Muzaffarnagar: Fifty-four-year-old Dharam Pal Singh is sitting on his haunches, smoking a beedi, and lost in thought. Beneath him is a dirt track, and in front of him, are his fields of sugarcane. These are fields that have been central to his identity as a farmer, as a Jat, all his life. It is these fields that made him leave home for several months last year and join the teeming protests against the three farm laws at Delhi’s Tikri border. It is this identity that has made him think about turning away from the Bharatiya Janata Party (BJP), angry at the way the farmers were treated. In his mind, however, there is a but. Dharam Pal Singh’s fields are just outside his village of Kutbi, one of the epicentres of the communal riots that tore through Muzaffarnagar in 2013, leaving around 60 dead, and displaced at least 50,000. Those wounds have not healed, and there is another identity, deep within, that is gnawing at him. “I am a farmer, but I am a Hindu too. There is only one party that protect Hindus and that is the BJP. I don’t know what to do.”

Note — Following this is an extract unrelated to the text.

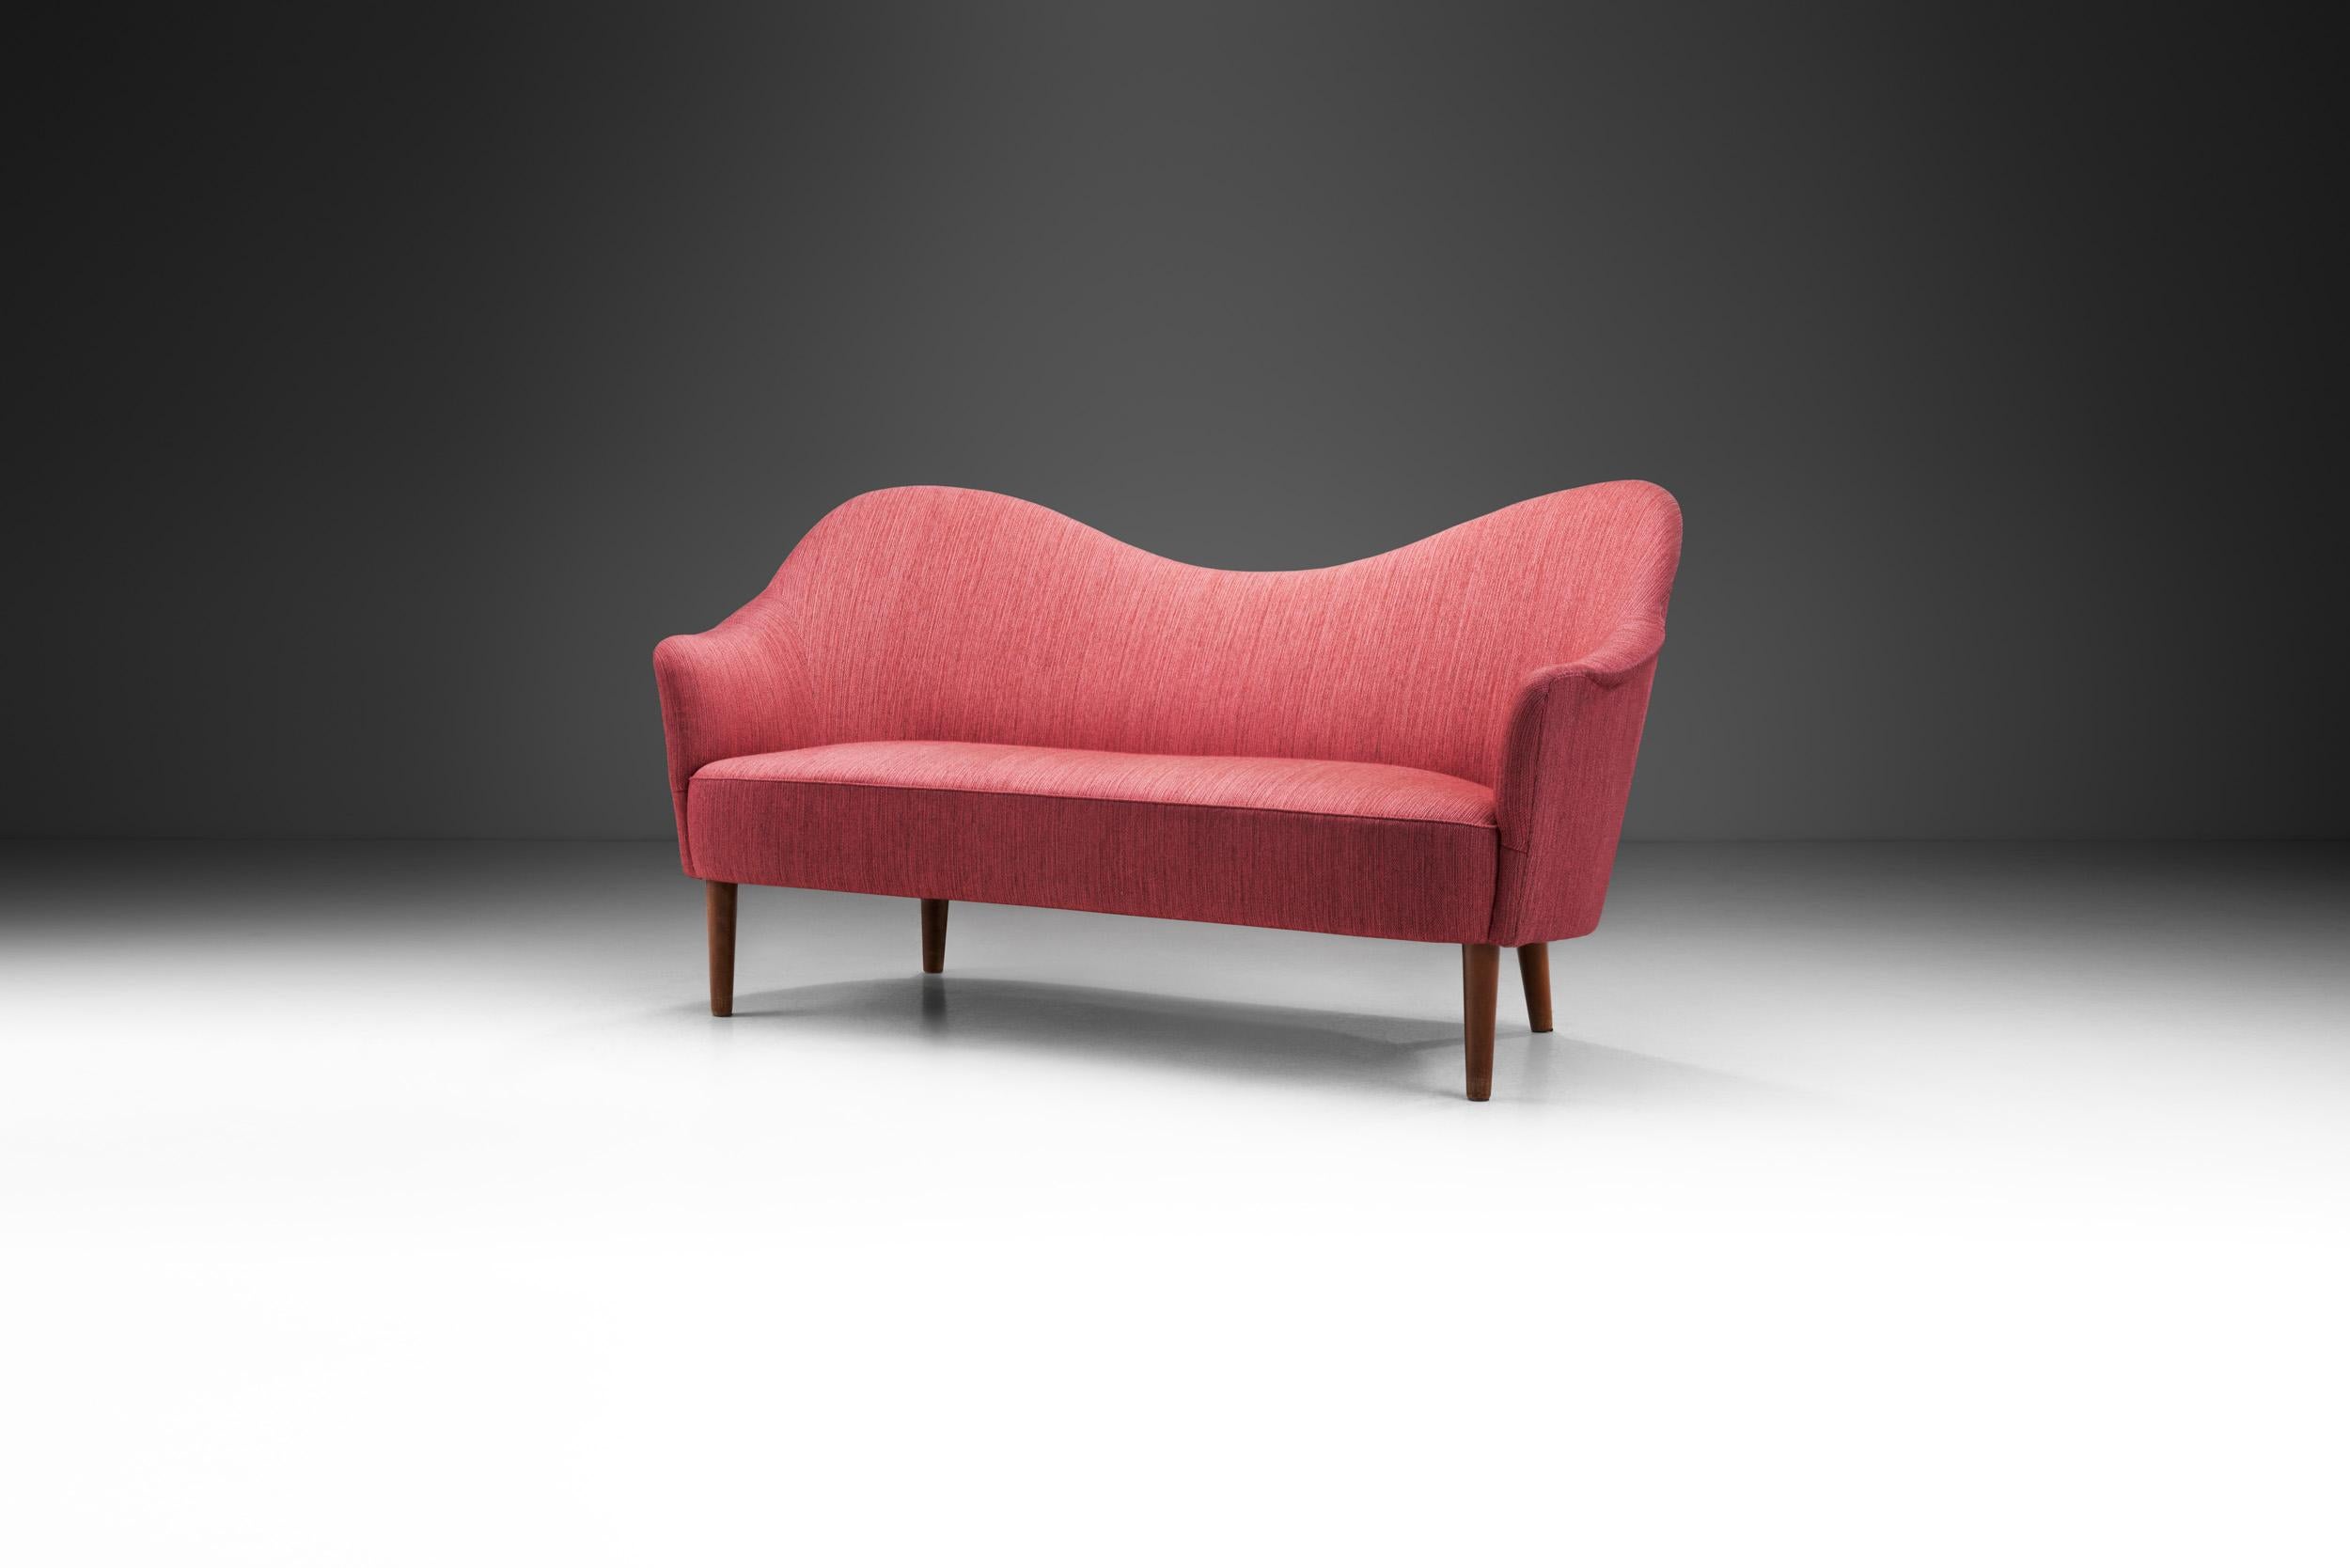 The “Samspel”, or “Interaction” sofa model was first introduced at the exhibition at Röhsska Museet (the Swedish Museum of Design and Crafts) in Gothenburg in 1956. The model’s name means ‘interaction’ in Swedish, which refers to not only Carl

Somewhere in personal conflict, and the eventual decision that Singh will take on polling day, lies the electoral fate of Muzaffarnagar, and perhaps all of western Uttar Pradesh, a region that sends around 140 representatives to the 403-strong state assembly.
Muzaffarnagar was once a symbol of syncretism, with a 41% Muslim population, a small but bustling district headquarters built around small industries, and a village economy built on farming and sugarcane. Elections reflected this mix, with the Bahujan Samaj Party (BSP) winning 3 seats, the Samajwadi Party (SP) 2, and the Rashtriya Lok Dal (RLD) 1 in the 2012 elections.
Then came the riots that cleaved West UP, the district of Muzaffarnagar, and its villages apart. The atmosphere became deeply polarised, and successfully pushing the narrative that the riots were somehow a consequence of the Samajwadi Party being in power, the BJP won all 10 parliamentary seats in the Lok Sabha elections in 2014 and the 2017 assembly elections if votes are aggregated to the level of parliamentary seats, and won seven of 10 seats in the 2019 Lok Sabha elections.
In Muzaffarnagar itself, the BJP won the Lok Sabha seat in both 2014 and 2019, and of the six assembly segments, it won all six in the 2014 assembly elections.
“Everyone that was not Muslim, voted for the BJP, Jats like me included. Because they were the only party that stood for Hindus then. The SP put Hindu boys in jail, and the BJP freed them (most riot cases in Muzaffarnagar have fallen apart). I then resolved that I would vote for the BJP for the rest of my life,” Singh said.
So Singh was stunned when the Union government, led by a party he had so grown to admire, refused to back down for so long on the three farm laws he sees as “evil”, despite the protests. “They called us Khalistani, Pakistani, attacked us, set up spikes around us, and worst of all refused to listen.” The laws were repealed in December, but the scars remain. “They still haven’t said anything about MSP (minimum support prices). The people that backed us were our old party, the RLD, and Ajit Singh’s son, Jayant. So even when I came back a month ago, I had decided that I would vote for them,” Singh said.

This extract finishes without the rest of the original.